Basel, May 6, 2008 - New Phase III data for Menveo® (MenACWY-CRM)
show that the vaccine produced a greater immune response against
meningococcal serogroups A, C, W-135 and Y in adolescents 11-18 years
of age compared to Menactra®. Infection with any of these four
vaccine-preventable serogroups can lead to bacterial meningitis, an
infection of the membrane around the brain and spinal cord, or
sepsis, a serious infection of the blood stream.

Results of this first head-to-head trial of Menveo compared to
Menactra, show that adolescents who were immunized with Menveo
generated higher levels of antibodies against all four serogroups[2].

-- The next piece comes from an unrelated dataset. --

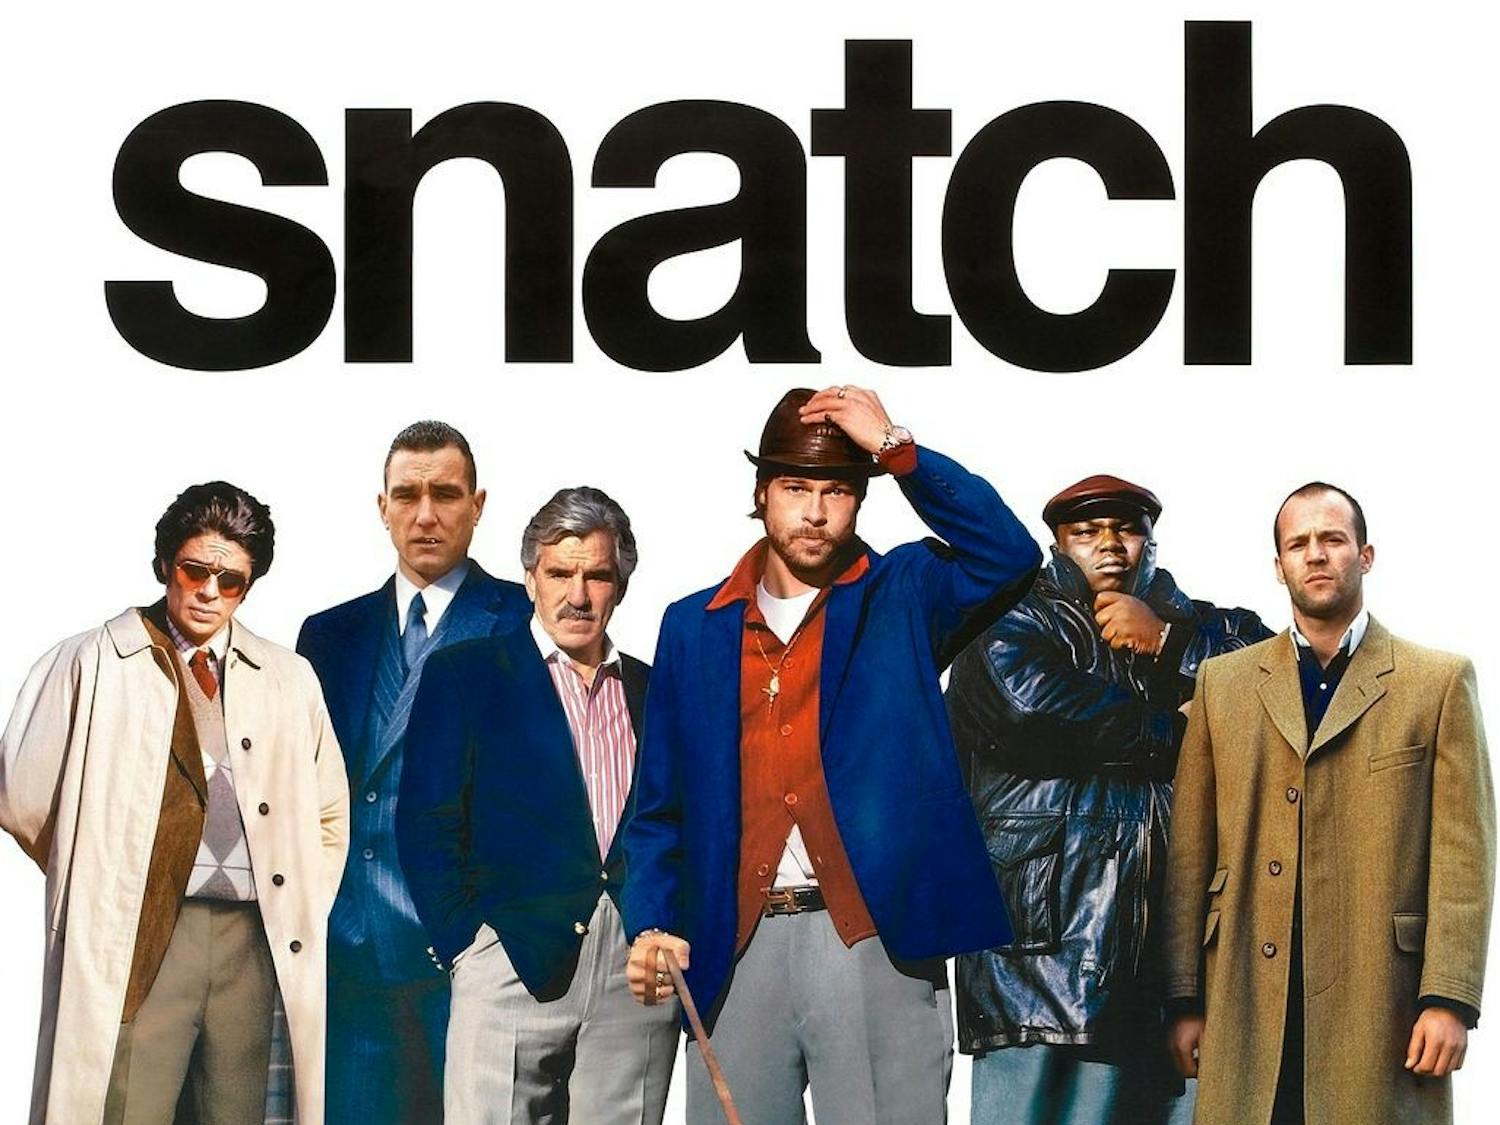 Released at the dawn of the new millennium, “Snatch” is sure to delight and confuse.

Notably for serogroup Y, among adolescents with low levels of
immunity at the time of vaccination, 81% of subjects receiving Menveo
generated a protective immune response vs. 54% with Menactra[2], as
measured by the hSBA assay. Serogroup Y causes approximately 39% of
meningococcal disease cases in the US[3].

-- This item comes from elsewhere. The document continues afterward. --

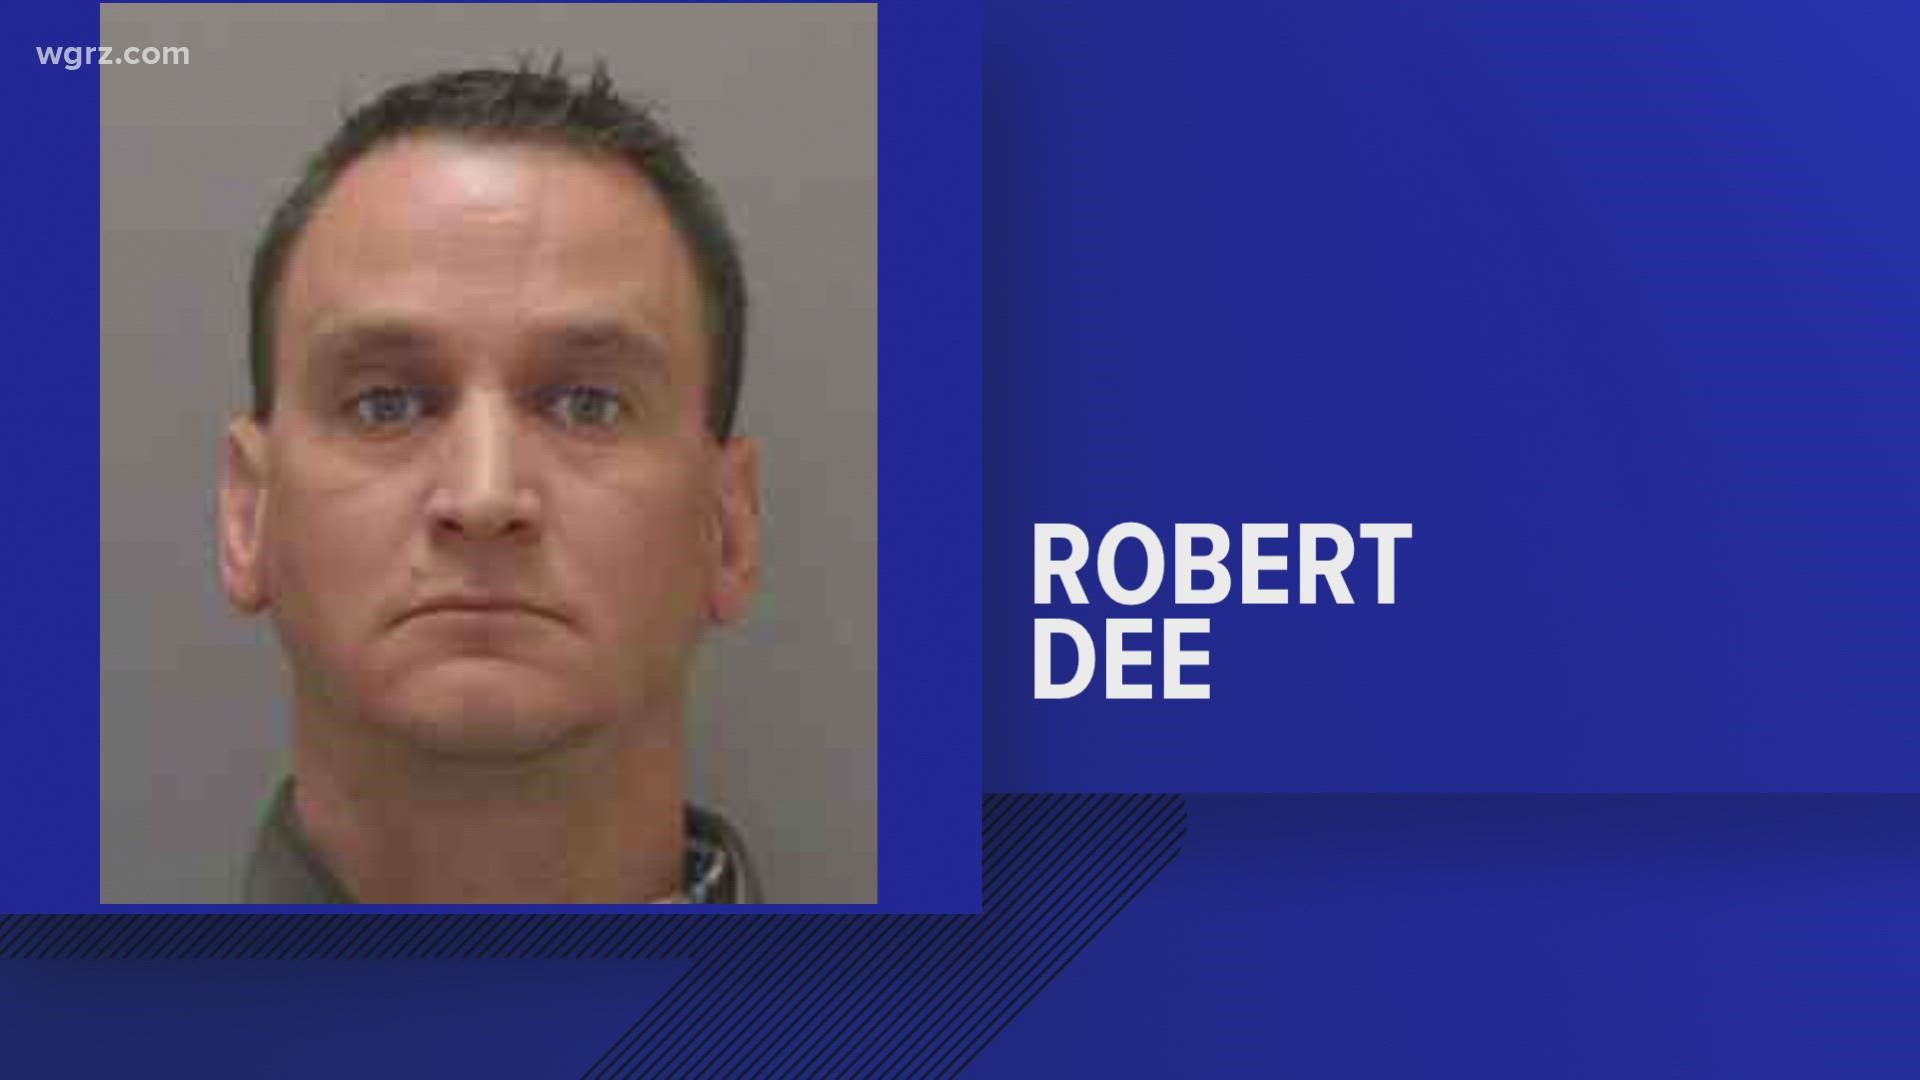 41-year-old Robert Dee of Eden had been on unpaid leave since that indictment. And he also faces domestic violence-related charges from alleged off-duty incidents as

"To protect children against all major serogroups of meningococcal
disease, we need vaccines that provide broad coverage and that can be
used in all at-risk age groups," said Keith S. Reisinger, MD, MPH,
Medical Director, Primary Physicians Research, Inc. Pittsburgh, PA.
"These data are encouraging because they show that Menveo may provide
greater protection for the more than 8 million infants and
adolescents in the US against these four vaccine-preventable
serogroups than the currently available vaccine."

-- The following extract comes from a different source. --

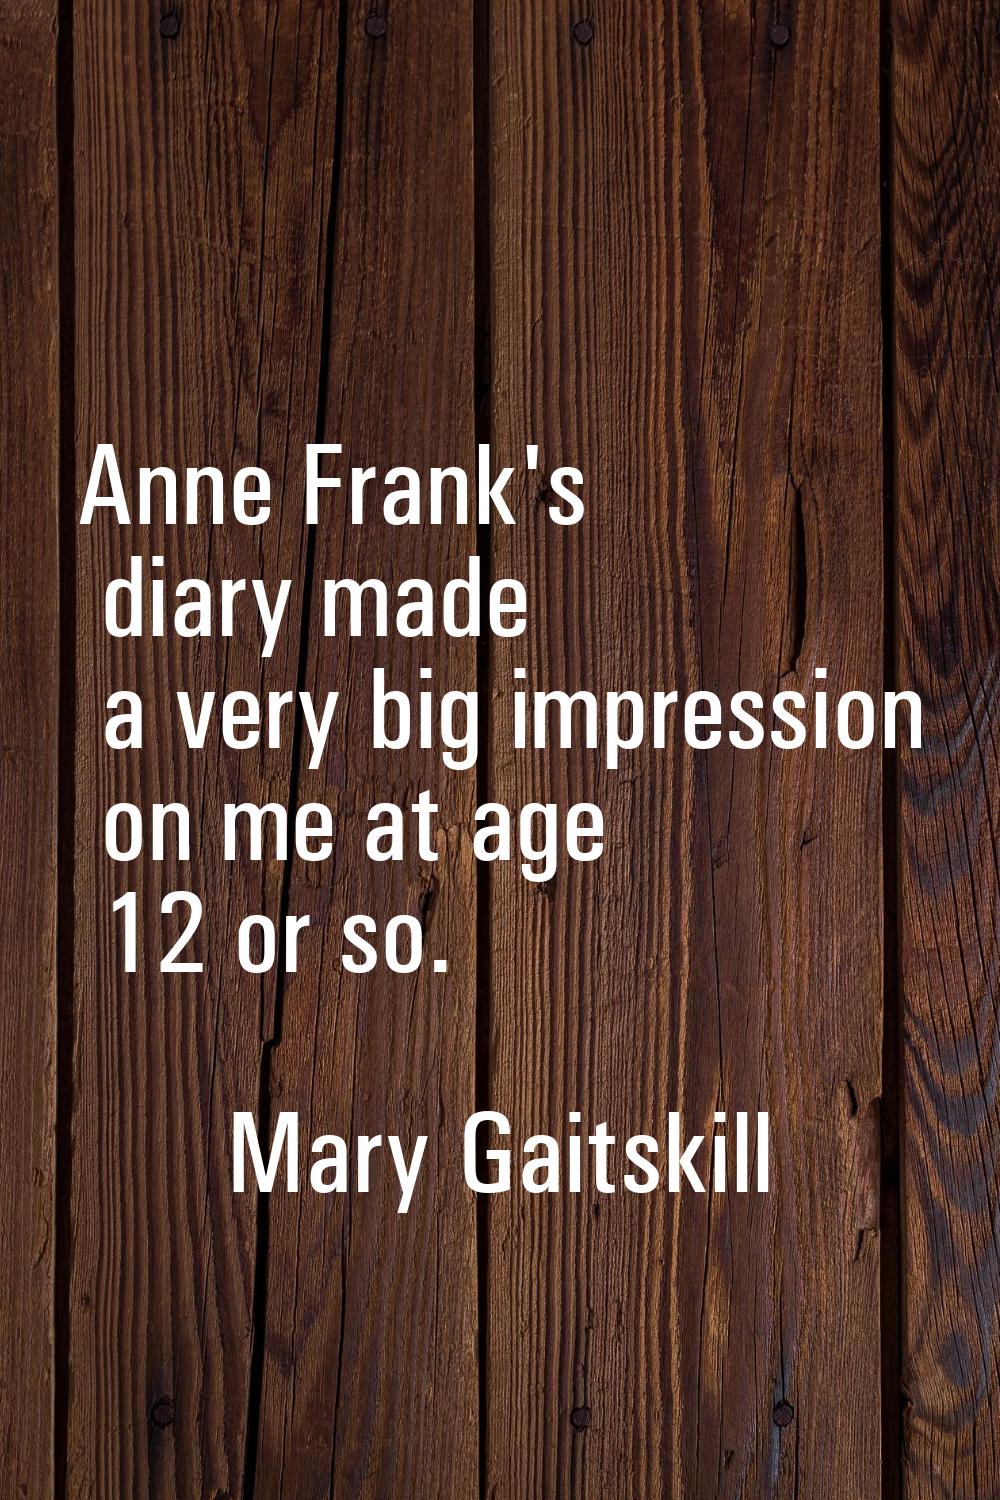 Anne Frank's diary made a very big impression on me at age 12 or so.

Menveo is an investigational quadrivalent meningococcal conjugate
vaccine in Phase III clinical development by Novartis Vaccines. The
data were presented at a late-breaker platform session on May 5
during the 2008 Pediatric Academic Societies (PAS) Annual Meeting in
Honolulu, Hawaii.

Meningococcal disease, a leading cause of bacterial meningitis, is a
rare but contagious and potentially life-threatening infection.
Infants and adolescents have the highest rates of disease[4a], which
can be fatal. Each year approximately 1,400 to 2,800 cases of disease
occur in the US[4b], and about 10-14 percent of patients die[4c]. The
currently available vaccines are not licensed for use in infants, in
whom the highest rates of meningococcal disease are observed. Phase
II data published in the January 9, 2008, issue of the Journal of the
American Medical Association demonstrated Menveo to be the first
meningococcal vaccine to produce a strong immune response in
infants[5].

The US Centers for Disease Control and Prevention (CDC) recommends
routine immunization with a quadrivalent meningococcal conjugate
vaccine for all adolescents 11-18 years of age, college freshmen
living in dormitories and people in other high risk groups who are
two to ten or 19 to 55 years of age[6,7].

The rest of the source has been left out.